## MikroElektronika

Filter Designer Tool allows simple and very fast design of digital filters. Fig. 15-1 shows one option in the main menu of mikroBasic which enables access to Filter Designer Tool.

**Fig. 15-1. Filter designer tool**

There are two classes of digital filters. These are Finite Impulse Response (FIR) filters and Infinite Impulse Response (IIR) filters. Both classes have their own merits and shortcomings. When designing a digital filter, the first task is to select the class of filter.

Table 15-1 presents the merits and shortcomings of FIR filters and, for comparison, Table 15-2 presents the merits and shortcomings of IIR filters.

MERITS |
SHORTCOMINGS |
---|---|

Stability condition is always fulfilled! | For a given amplitude characteristic FIR filter is of considerably higher order compared to IIR filter (higher complexity) |

Linear phase (by a proper design applied in the Filter Designer Tool) |

**Table 15-1. Merits and shortcomings of FIR filters**

MERITS |
SHORTCOMINGS |
---|---|

For a given amplitude characteristic IIR filter is of considerably lower order compared to FIR filter | Stability condition is not always fulfilled. As the order of IIR filter increases, the probability that the filter will become unstable increases |

Nonlinear phase |

**Table 15-2. Merits and shortcomings of IIR filters**

As one can see from the above Tables 15-1 and 15-2, a merit of one class of filters is a shortcoming of the other class. When starting a design, one should start from the type of signal to be filtered.
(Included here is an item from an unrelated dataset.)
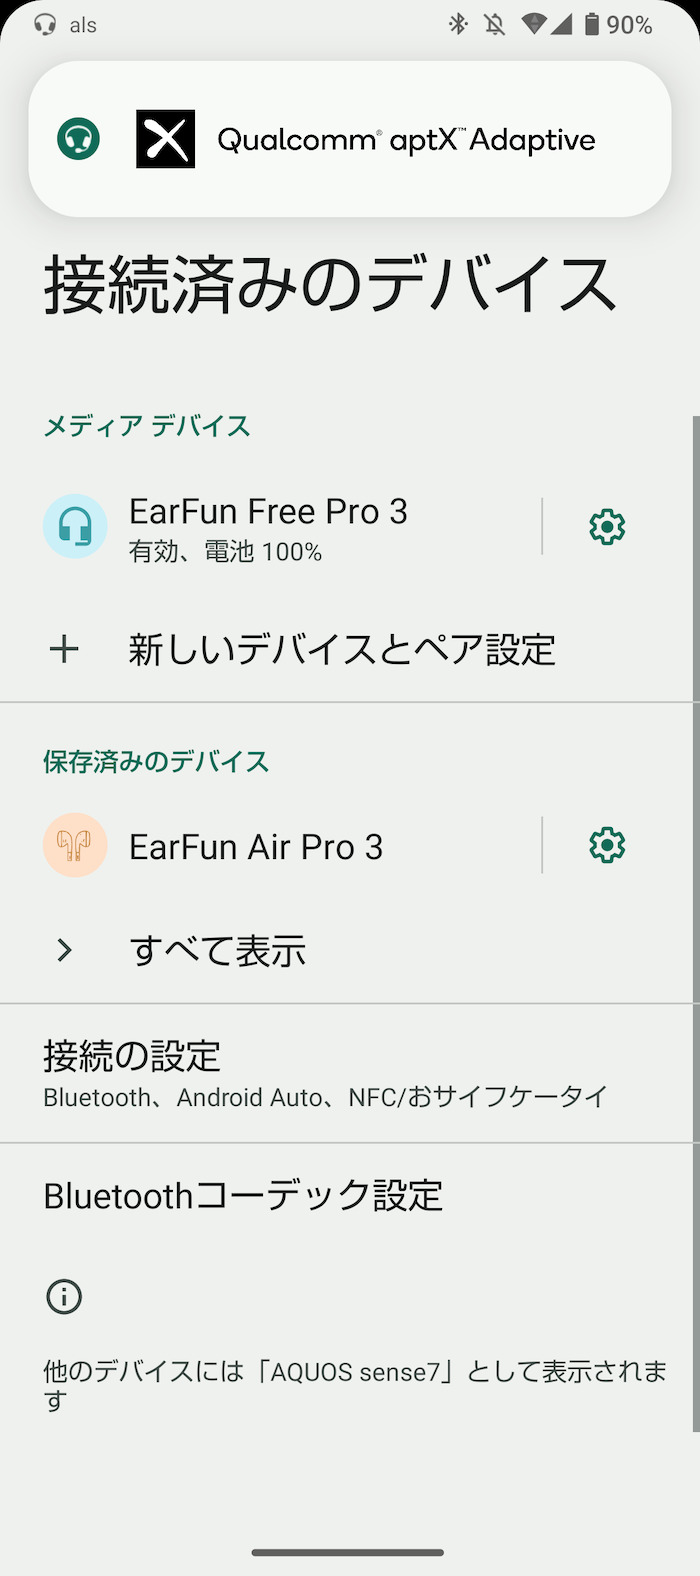 EarFun Free Pro 3はAptX Adaptive対応

E.g. when processing audio signals, the phase is irrelevant. Therefore, the phase linearity can be sacrificed. By selecting the class of IIR filters, one can obtain a filter of lower order or a filter of the same order but of much higher selectivity compared to the corresponding class FIR filter.

For some other signals it may be necessary to preserve phase linearity. An example of such signals is the ECG signal. In this case IIR filter must not be used. However, the price for linearity is paid by a much higher order of the filter.

As the order of the filter increases, the corresponding signal processing will last longer and more memory will be required for the processing. For this reason it is necessary to select carefully the order of the filter and its input parameters. Fig. 15-2 shows the specifications for the amplitude characteristic of a digital filter. The class of filter (FIR or IIR) and design method will determine which input parameters will be available. The remaining parameters will be calculated by Filter Designer Tool to obtain the filter of the specified order.

**Fig. 15-2. Digital filter specifications**

1 2 3 4 5 6 |
A[dB] – filter amplification in dB, Ap – permitted bandpass ripple of amplification in dB, As – minimum bandstop attenuation in dB, Wp, Wpass – bandpass boundary frequencies, Ws, Wpass – bandstop boundary frequencies, Ws – one half of the sampling frequency. |

- The frequency range 0 to Wpass is called passband. In the passband the maximum attenuation or amplification of signals is Ap.
- The frequency range Wpass to Wstop is called transition zone. In the transition zone the characteristic of the filter is unknown. It is only known that it is monotonically decreasing or monotonically increasing.
- The frequency range Wstop to Ws/2 is called bandstop. In the bandstop the signal is attenuated at least by As dB.

After the class (FIR or IIR) and input parameters are selected, designing of the desired filter is performed. In Chapter 15.2 the design of the finite impulse response (FIR) filters is presented. In Chapter 15.3 the design of the infinite impulse response (IIR) filters is presented.